On Fri, 20 Aug 2021 at 06:34 +0200, Pouya Tafti wrote:
> After a recent drive failure in my primary zfs pool, I set
> up a secondary pool on a cgd(4) device on a single new sata
> hdd (zfs on gpt on cgd on gpt on a 4TB Seagate Ironwolf
> hdd) to back up the primary.
> 
> I initialy scrubbed the entire disk without apparent
> incident using a temporary cryptographic device and dd(1)
> as in the cgdconfig(8) man page.
> 
> Since then, twice already, in the past two days, the drive
> has failed in the same way and been detached, once on the
> very first zfs(8) create operation, and the second time
> (after a reboot) after having written hundreds of GiBs to
> it with a zfs(8) send/receive pipe.  Here are the relevant
> system messages:
> 
> # dmesg
> ...
> [ 57131.573806] mpii0: physical device removed from slot 7
> [ 57131.573806] sd7d: error writing fsbn 1816866262 of 1816866262-1816866389 
> (sd7 bn 1816866262; cn 894127 tn 1 sn 71)
> [ 57131.573806] cgd0d: error writing fsbn 1816604078 of 1816604078-1816604205 
> (cgd0 bn 1816604078; cn 887013 tn 0 sn 1454)

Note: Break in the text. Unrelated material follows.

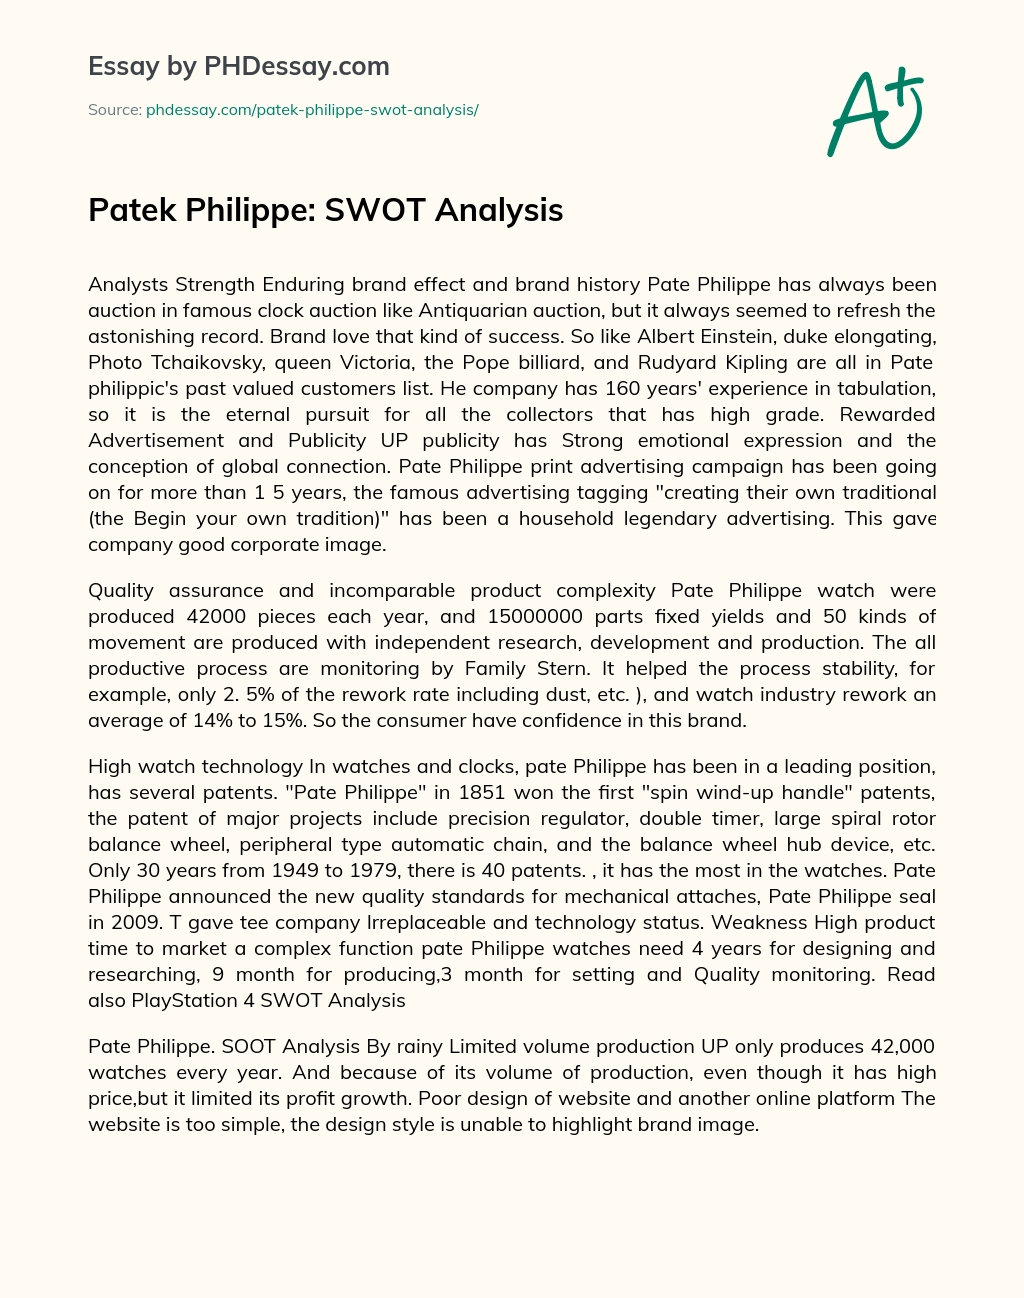 Patek Philippe: SWOT Analysis essay

> [ 57131.573806] sd7d: error reading fsbn 270904 of 270904-270919 (sd7 bn 
> 270904; cn 133 tn 5 sn 13)
> [ 57131.573806] sd7d: error reading fsbn 7814028344 of 7814028344-7814028359 
> (sd7 bn 7814028344; cn 3845486 tn 6 sn 30)
> [ 57131.573806] sd7d: error reading fsbn 7814028856 of 7814028856-7814028871 
> (sd7 bn 7814028856; cn 3845486 tn 10 sn 34)

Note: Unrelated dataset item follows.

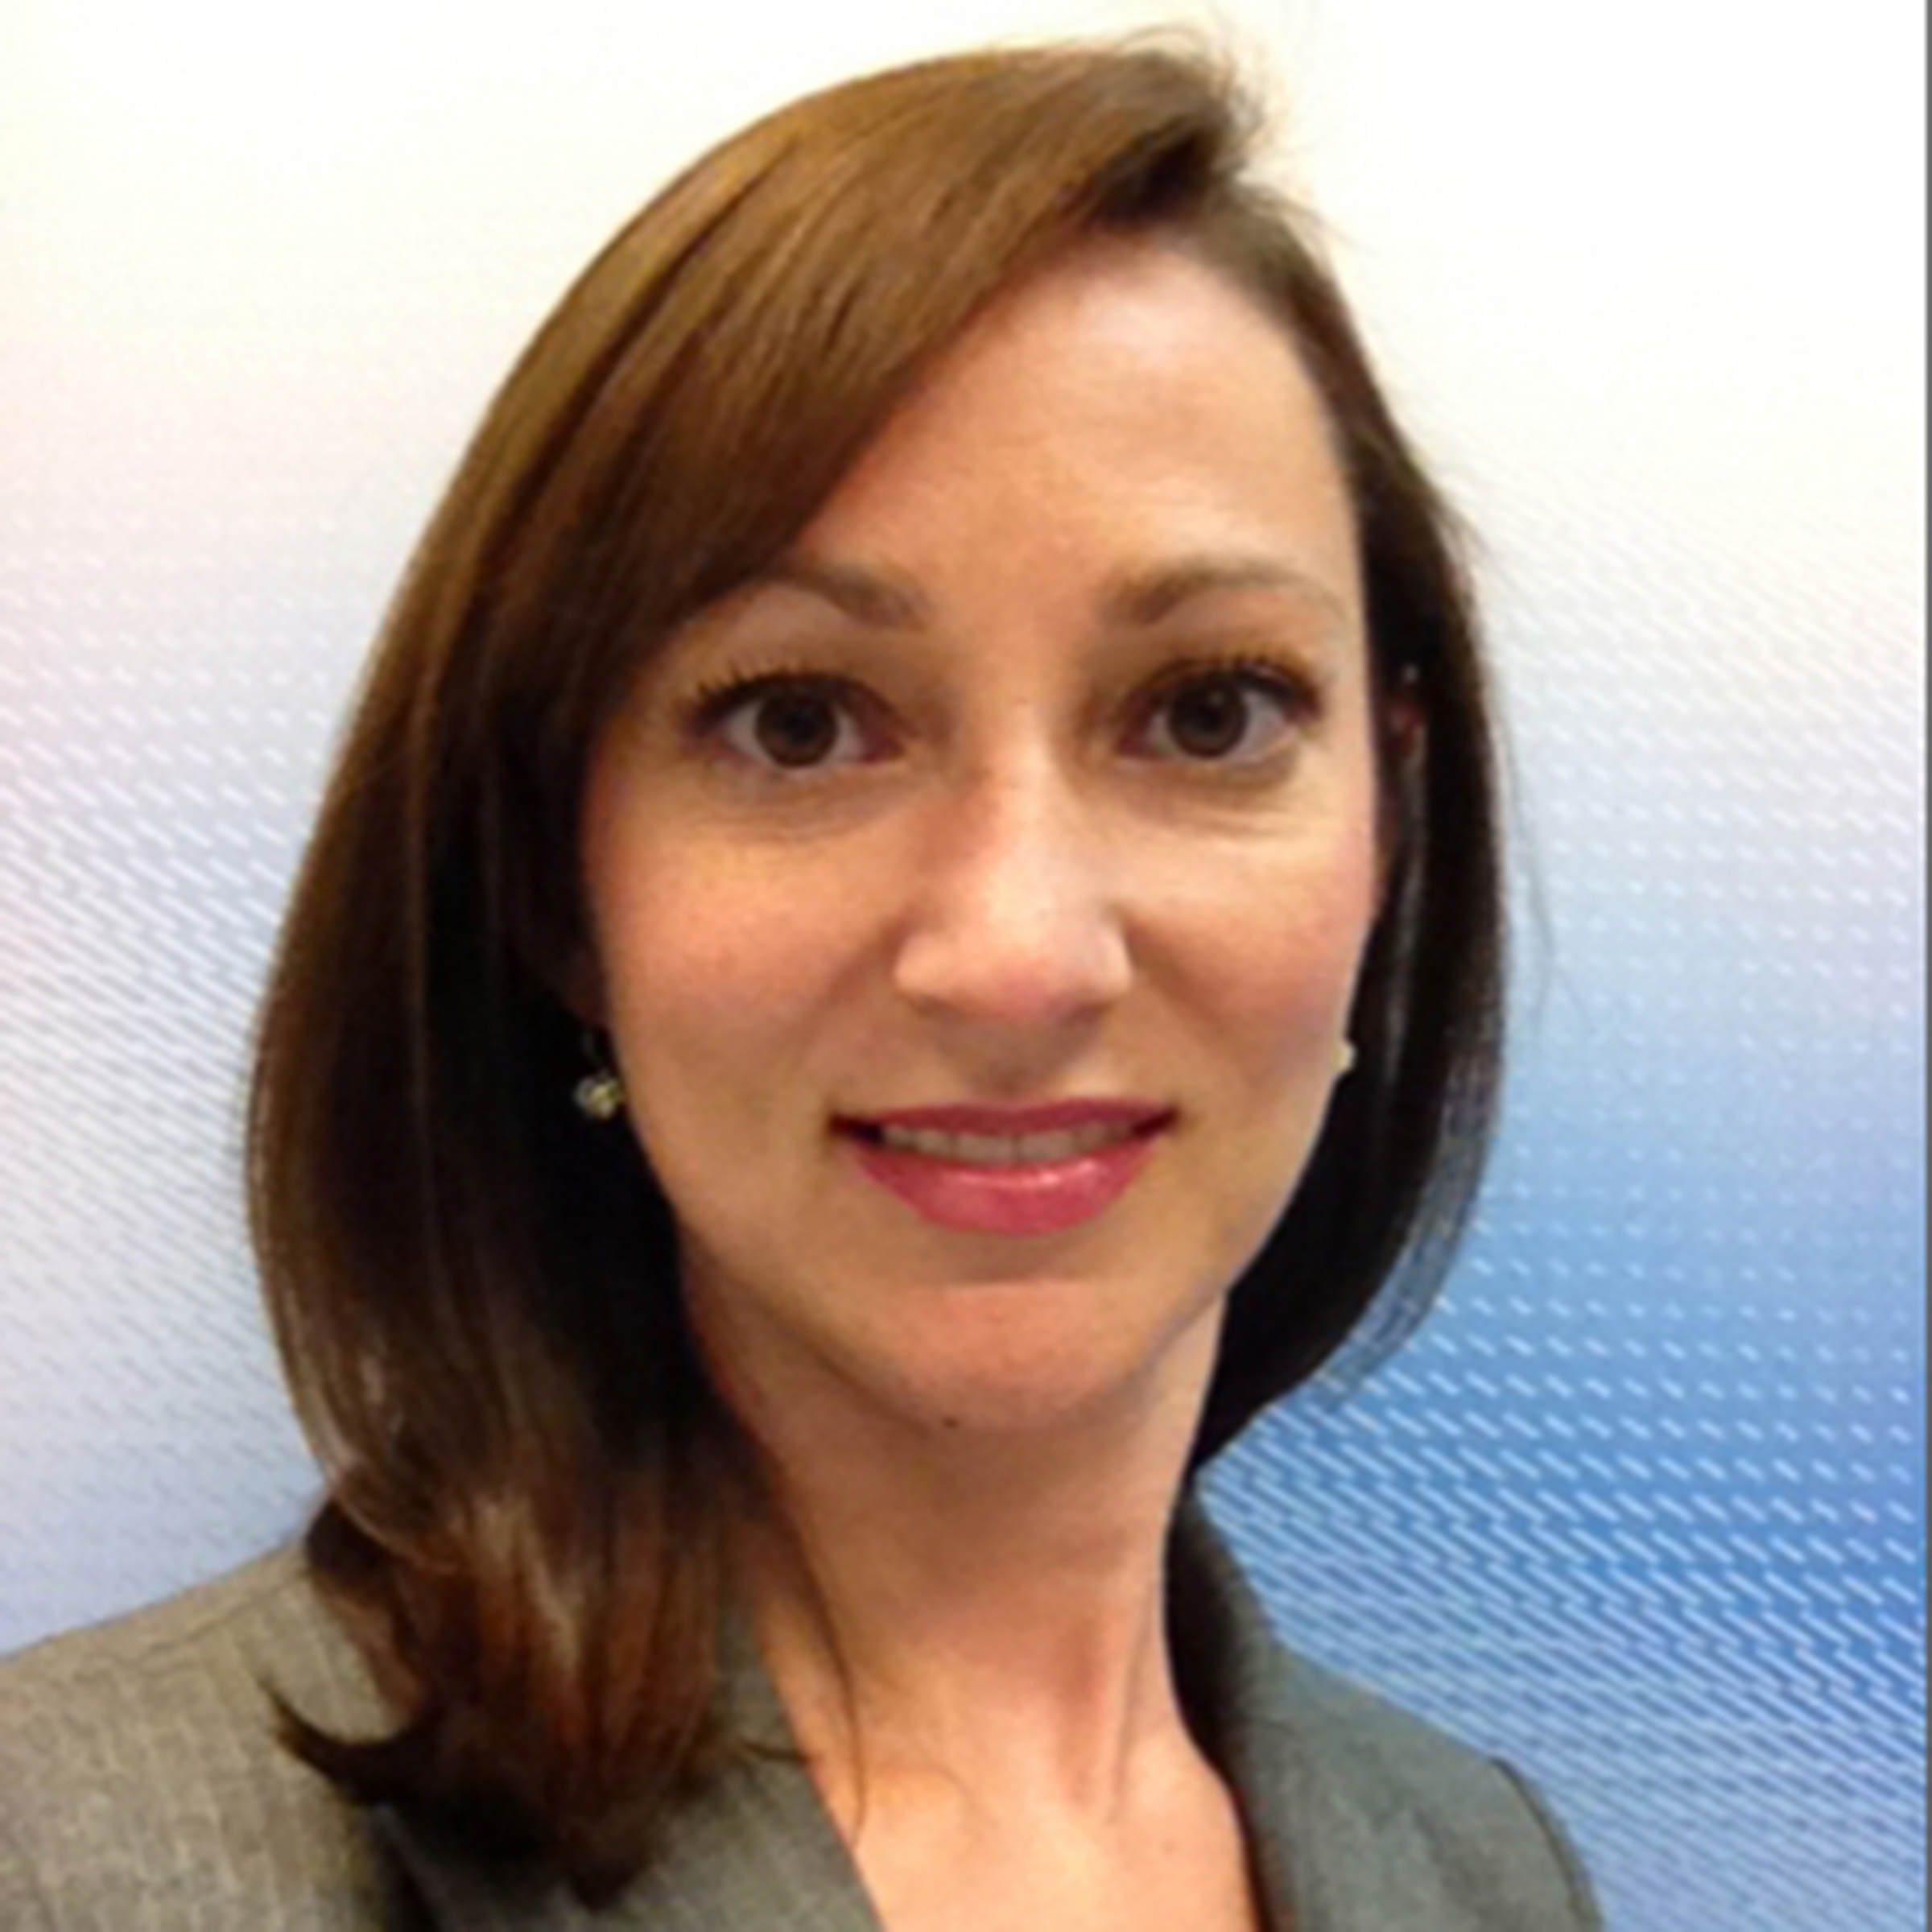 Profile image of Kelly L. Alvarez

> [ 57131.573806] sd7: autoconfiguration error: cache synchronization failed
> [ 57131.573806] cgd0d: error reading fsbn 7813766672 of 7813766672-7813766687 
> (cgd0 bn 7813766672; cn 3815315 tn 0 sn 1552)
> [ 57131.573806] cgd0d: error reading fsbn 7813766160 of 7813766160-7813766175 
> (cgd0 bn 7813766160; cn 3815315 tn 0 sn 1040)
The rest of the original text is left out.